Increasing competition lowers the value of scarce transmission capacity. Allowing more competition in transmission means that some occupant transmission owners will make less money.11 Those occupant owners have an incentive to try to block new competitors. Furthermore, regulatory fragmentation adds to the costs of expanding transmission. The biggest potential gains are from long links, such as from New Mexico to California, but those investments have many vested interests stacked against them. Connecting two utilities requires each to be willing. Even if this is the case, there remains an ascending hierarchy of other counterparties: third-party utilities, balancing authorities, system operators, and so on, to say nothing of the many directly affected landowners along a given route. The only group to win is the lawyers, who enjoy the multilateral conversations at their accustomed hourly rate. Project costs escalate and the gains from transmission begin to look small. Vesting rights to prevent projects from being completed leads to fewer projects being completed.

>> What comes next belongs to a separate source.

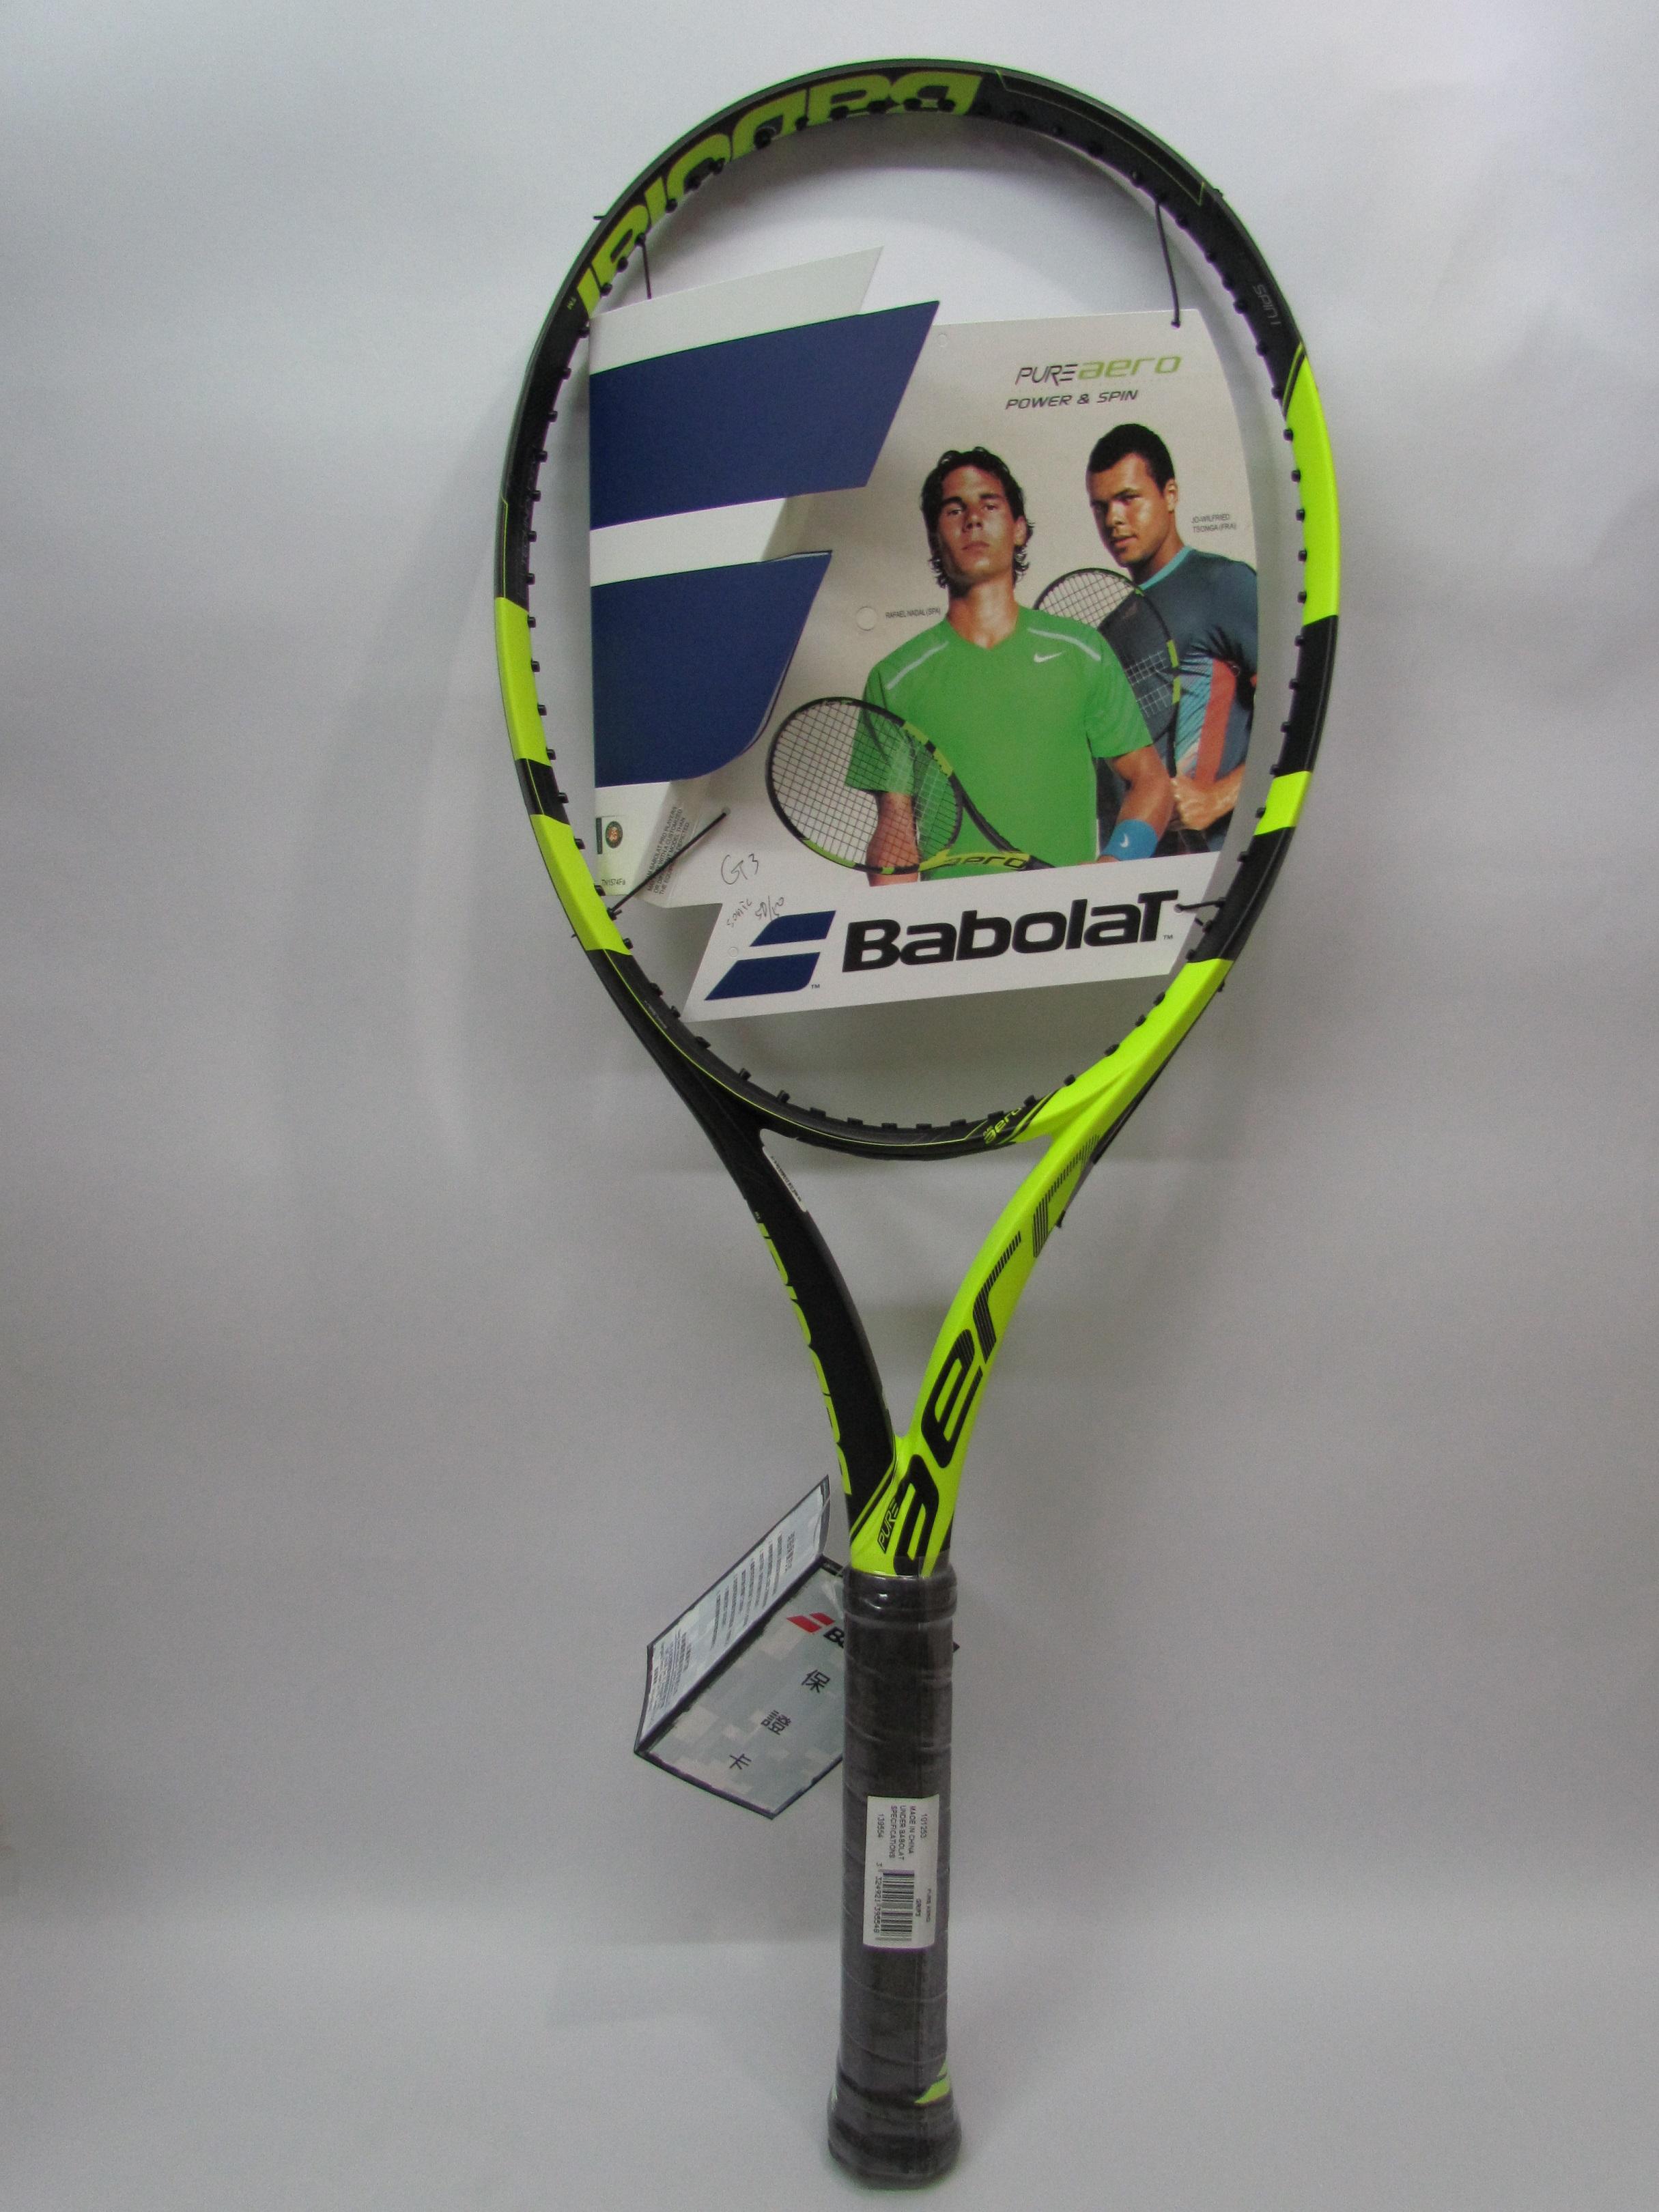 Babolat專業網球拍 Nadal款 Pure Aero 2016年款
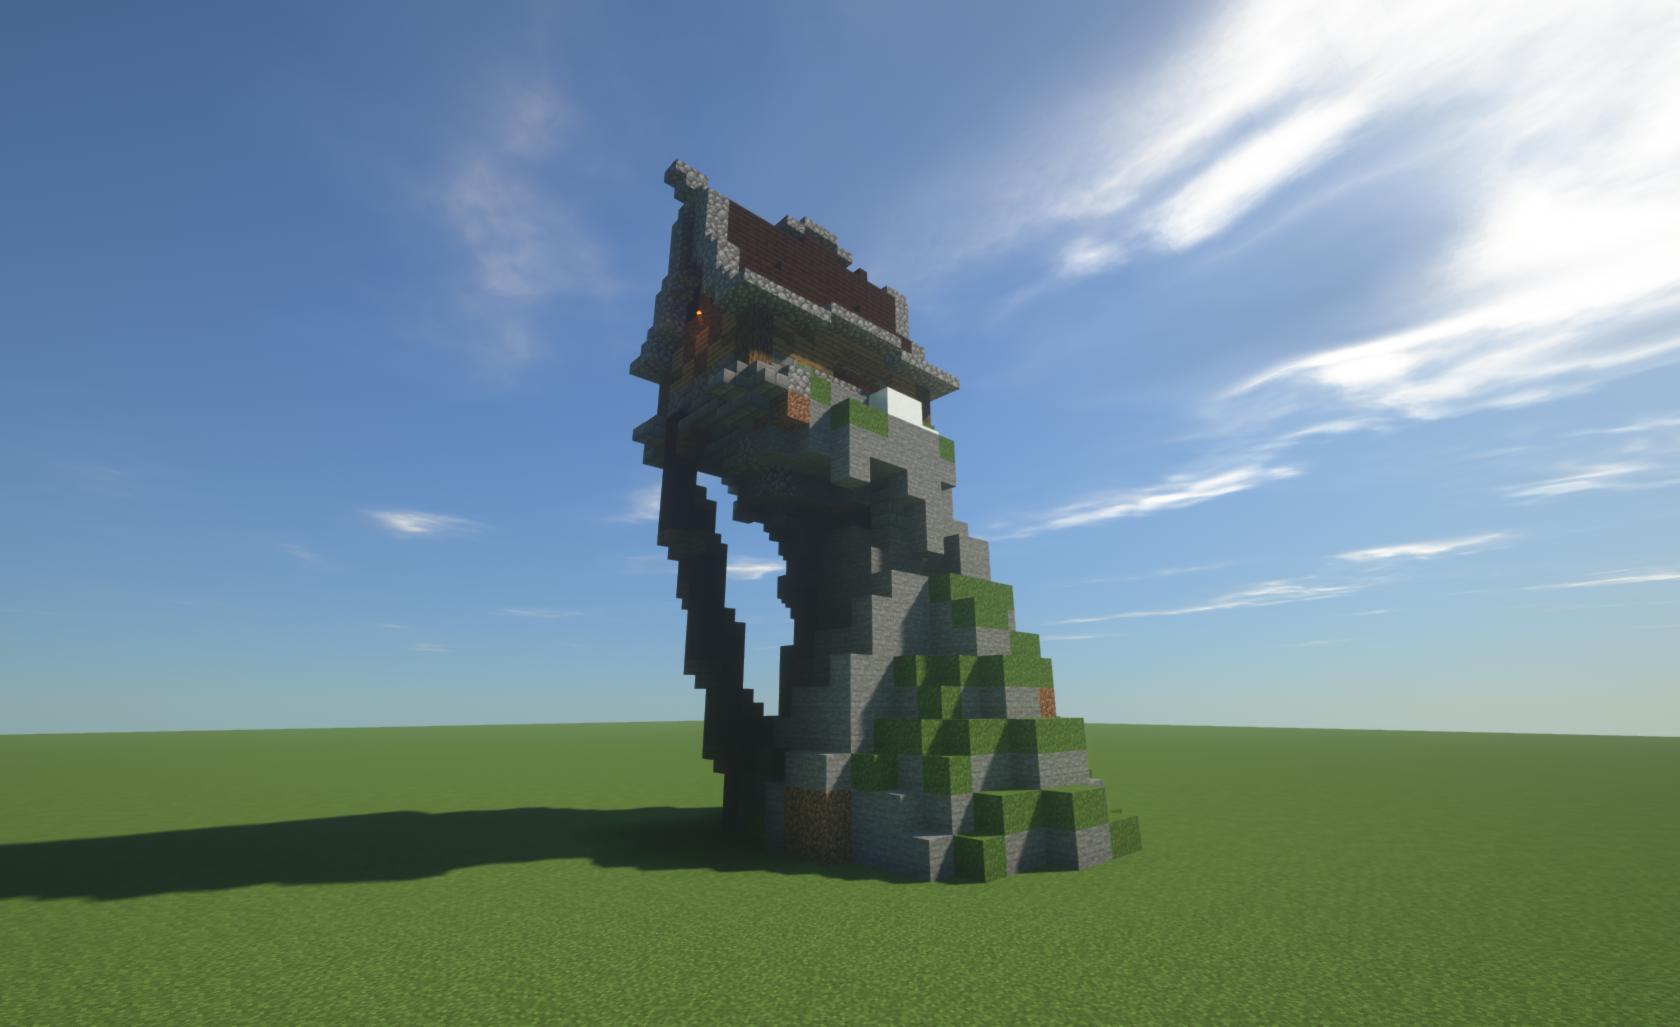 Cliffside Mountain Home Minecraft Map

The Federal Energy Regulatory Commission (FERC) recognizes these difficulties baked into the transmission landscape and has made efforts in recent years to promote regional cooperation and planning on the broader system.12 Yet the FERC applies a stringent standard to avoid stranded costs of constructing excess transmission. Nobody should be surprised that this stringency has produced a world in which we find ourselves short on transmission. Easing the standard for merchant transmission would match the deference shown to gas transmission plans. Those efforts are not helped by the Trump administration’s decision to withdraw funding support for a new long-distance transmission project that was nearly ready to proceed from Kansas to Chicago.13
Even though they attract less attention than generation and long-distance transmission investments, distribution systems are equally important for two reasons. First, distribution wires are the natural monopoly that justifies regulation in the public utility structure. It would be inefficient to invest in multiple distribution systems, but it is important to prevent the owner of the distribution system from extracting all value through exorbitant fees. Second, distribution connections are the margin at which load growth requires infrastructure. The physical connection of new loads requires continual investment. Public utilities have an obligation to serve at nondiscriminatory rates. New customers, whether residential, commercial, or industrial, almost always require investments in distribution. When these services fall short, the fallout can be costly and even dangerous.
Distribution system failures, such as the winter storm that affected Mississippi and Tennessee in January 2026, provide a poignant reminder of the importance of the system.14 Crisis management usually entails restoring power as soon as possible along the contours of the existing system, but a less urgent timescale can explore other options such as undergrounding or other hardening strategies that may help prevent high-profile failures. Increasing customer bills to support distribution hardening, or even just more aggressive tree trimming, reduces the scope for increases caused by generation or transmission investments.
While EEI gives a snapshot of the investment flowing into infrastructure, it is also worth considering the current accumulated stock. The Bureau of Economic Analysis estimated electric industry capital stock at year-end 2024 to be just over $2 trillion.15 For context, this was about 75 percent higher than oil and gas extraction (which does not include the value of natural capital in the form of reserves). This capital stock accumulates steadily, without accounting for financial or physical depreciation. By this measure, hundred-year-old transmission lines in California that potentially contribute to wildfires remain on the books as assets when they very well may be liabilities.16 The logic of “if it ain’t broke, don’t fix it” resonates with utility regulators trying to protect ratepayers, but it comes at the cost of some superannuated assets. Willingly replacing assets earlier increases system costs, but it can reduce other hidden costs, perhaps including legal liability associated with wildfire ignition.
Policy and Investment
Investment is an inherently forward-looking practice, but it is especially relevant and consequential for the longevous elements of the electricity system. Expectations about the value of a particular installation over a long period are crucial; both policy incentives and rhetoric are critical in their formation.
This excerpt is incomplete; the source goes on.